Gantt charts in R

September 20, 2017

  R time management gantt chart data visualization
  graphics tidyverse RColorBrewer kableExtra

David Beauchesne  

Kevin Cazelles  

    



Gantt charts

Gantt charts are a very useful way to organize projects into milestones and tasks visually. They are also dead useful when comes the time to create a timeline for a project, whether it be for a research project, field work or grant applications. I recently wanted to create one, but was unsatisfied by what was available out there in terms of visuals (although there are neat R examples, see here, here and here).

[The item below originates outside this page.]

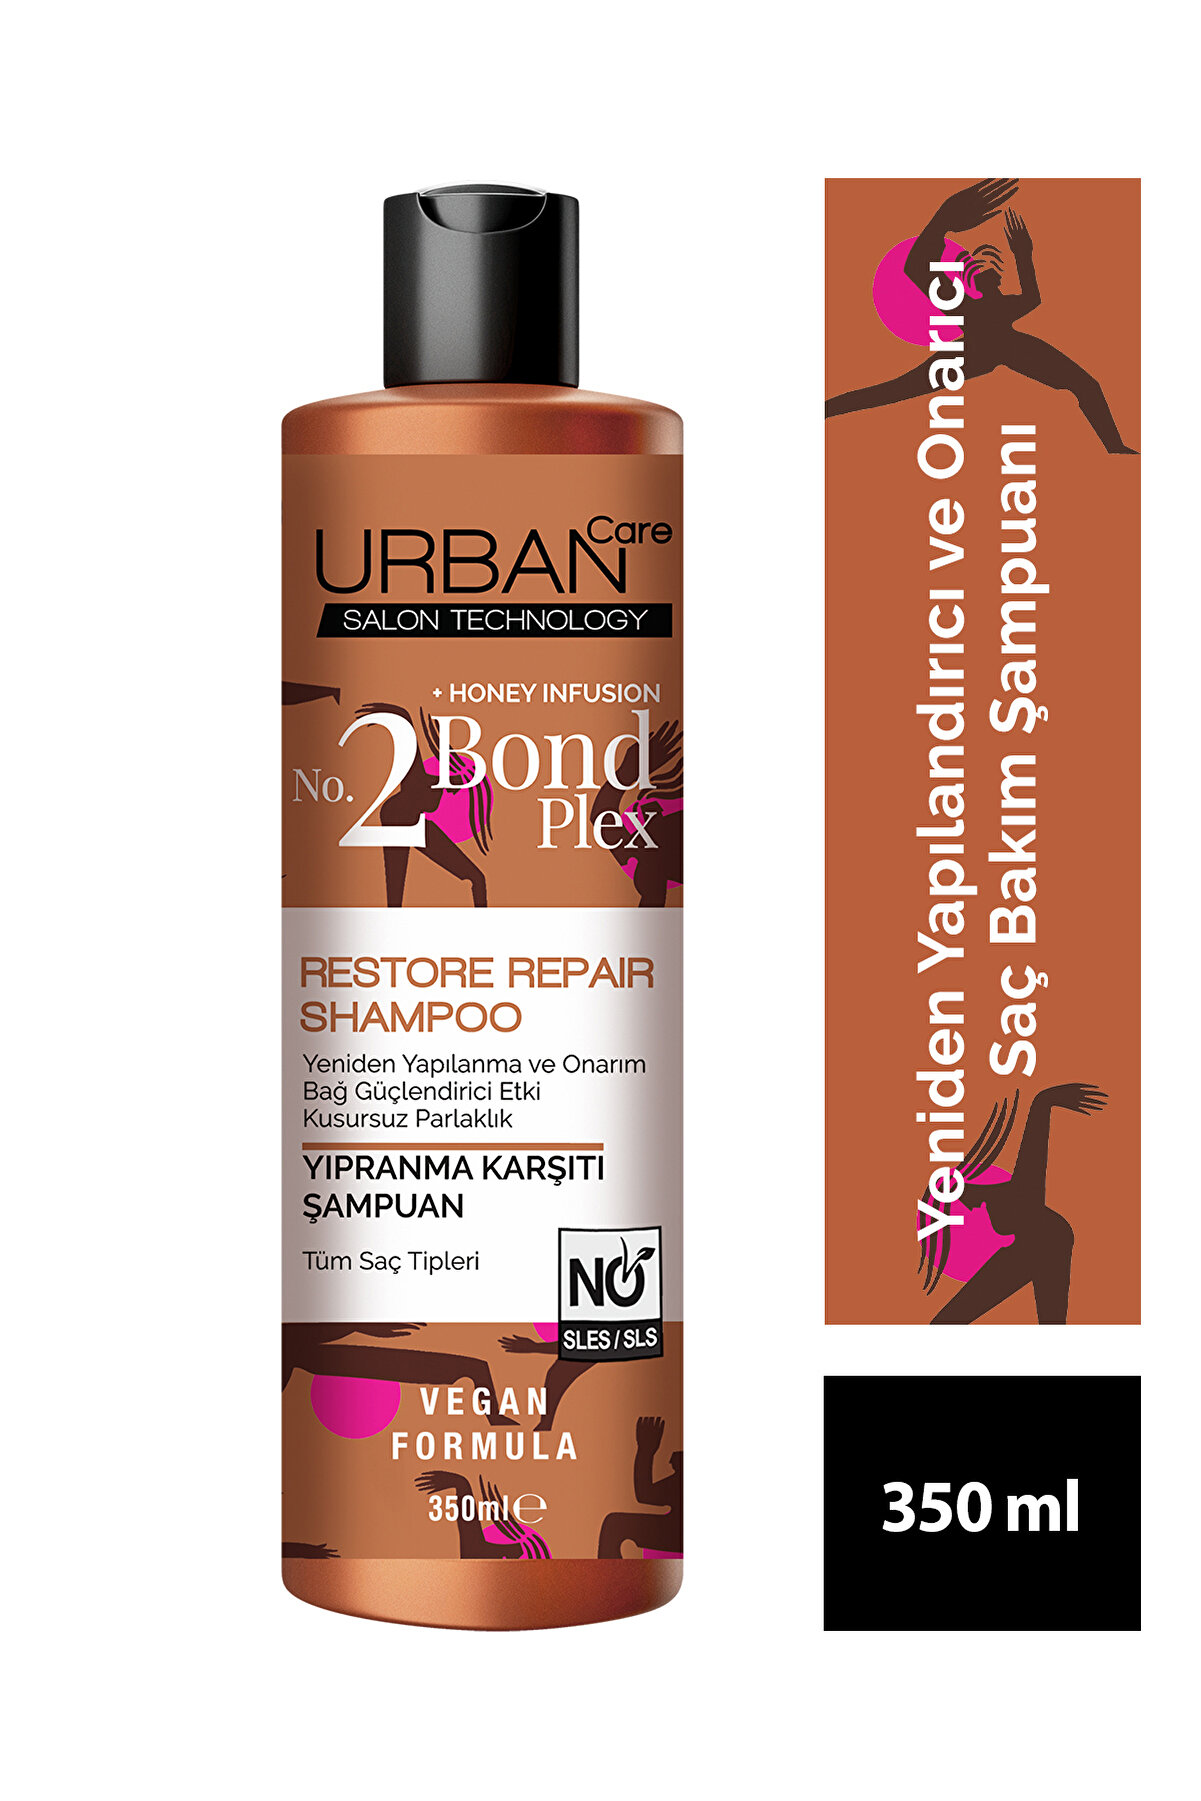 Urban Care No.2 Bond Plex Restore Repair Yıpranma Karşıtı Saç Bakım Şampuanı 350 Ml-sülfatsız

So I came up with my own!

For those who might be interested only in generating charts without all the code, jump to the end, copy the ganttR function I created and Gantt away!


Initiate R

rm(list=ls())
# R version
sessionInfo()[[1]]$version.string
#R> [1] "R version 4.0.3 (2020-10-10)"

# Packages required
library(knitr)
library(tidyverse)
library(RColorBrewer)
library(kableExtra)


The code!

I wanted to come up with something simple and visually appealing, so I created a figure that simply required the following elements: milestone, tasks, start date, due data and status.

Data


# Let's organize a fake manuscript project to generate the chart.
Manuscript <- c('Research & readings','Data preparation','Analyses','Plan','Introduction','Methods','Results','Discussion','Conclusion','Preliminary version to co-authors')
startDate <- c('2017-09-01','2017-09-14','2017-09-28','2017-09-21','2017-09-28','2017-09-14','2017-10-28','2017-11-14','2017-11-28','2017-12-11')
dueDate <- c('2017-11-28','2017-09-28','2017-10-28','2017-09-28','2017-10-28','2017-10-28','2017-11-14','2017-11-28','2017-12-04','2017-12-11')
status <- c('I','C','I','C','I','I','I','I','I','I')
nTasks <- length(Manuscript)

# Create the data frame.
# In statuses, "I" and "C" would stand for "Incomplete" and "Complete", respectively
df <- data.frame(milestones = rep('Manuscript', nTasks),
                 tasks = Manuscript,
                 startDate = as.Date(startDate),
                 dueDate = as.Date(dueDate),
                 status = status,
                 stringsAsFactors = FALSE)

kable(df, "html") %>%
    kable_styling(full_width = F)
milestones tasks startDate dueDate status
Manuscript Research & readings 2017-09-01 2017-11-28 I
Manuscript Data preparation 2017-09-14 2017-09-28 C
Manuscript Analyses 2017-09-28 2017-10-28 I
Manuscript Plan 2017-09-21 2017-09-28 C
Manuscript Introduction 2017-09-28 2017-10-28 I
Manuscript Methods 2017-09-14 2017-10-28 I
Manuscript Results 2017-10-28 2017-11-14 I
Manuscript Discussion 2017-11-14 2017-11-28 I
Manuscript Conclusion 2017-11-28 2017-12-04 I
Manuscript Preliminary version to co-authors 2017-12-11 2017-12-11 I


We can now create our Gantt chart!


The chart


# Let's first organize our graph in order of tasks startDate
df <- arrange(df, desc(startDate))

# We need a date range for which we wish to crete the graph.
# Let's select the duration of the milestone
dateRange <- c(min(df$startDate), max(df$dueDate))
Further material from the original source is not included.